Odp: Japonia - Kwiecień 2009

_KiRA napisał:

jak skoncze studia to mam juz zalatwiona robote w japonii (arigatou sensei jezor)

hehe no nic w życiu nie jest pewne, nie wiadomo co bedzie za pare lat, wiec nie ma co sie tak nastawiac...

No ale swoją drogą to na stałe bym w Japonii akurat mieszkać nie chciał, wogle niechciałbym mieszkać w żadnym innym kraju, ponieważ w Polsce czuje sie u siebie i jest mi tu dobrze....patriotyzm smile
Ojczyzna wzywa, towarzyszu miły ! jezor

Co do wycieczki ~marzenia to dam Ci znac, ale pod koniec roku, bo nie jestem w stanie teraz przewidziec sytuacji...;).
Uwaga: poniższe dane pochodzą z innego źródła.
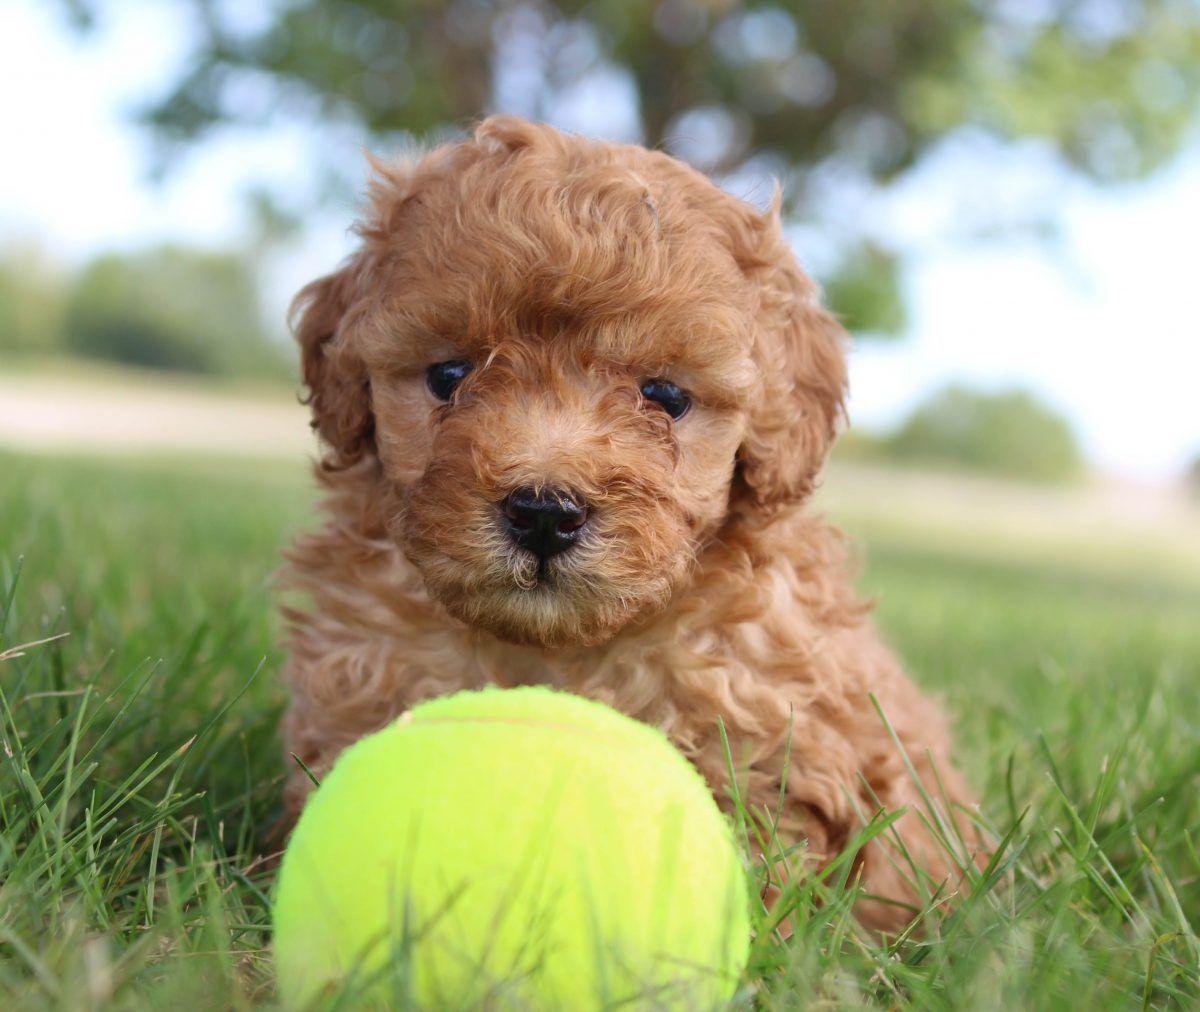 Parr Puppy Miniature Poodles For Sale In Shipshewana Indiana Poodle Puppy Miniature Poodle Puppy Poodle Dog

Kase zebrać moge, to nie powinno stanowic problemu....tylko czas czas czas (urlop -_-).
Pozdrawiam!

Offline

#35 2008-05-20 21:05:02

marzenia
Użytkownik
Skąd: Lubin
Dołączył: 2008-05-18

Odp: Japonia - Kwiecień 2009

[cytuj="Freeman"]Czytam o tych cenach w Japonii i muszę przyznać, że spodziewałem się wyższych. [/quote]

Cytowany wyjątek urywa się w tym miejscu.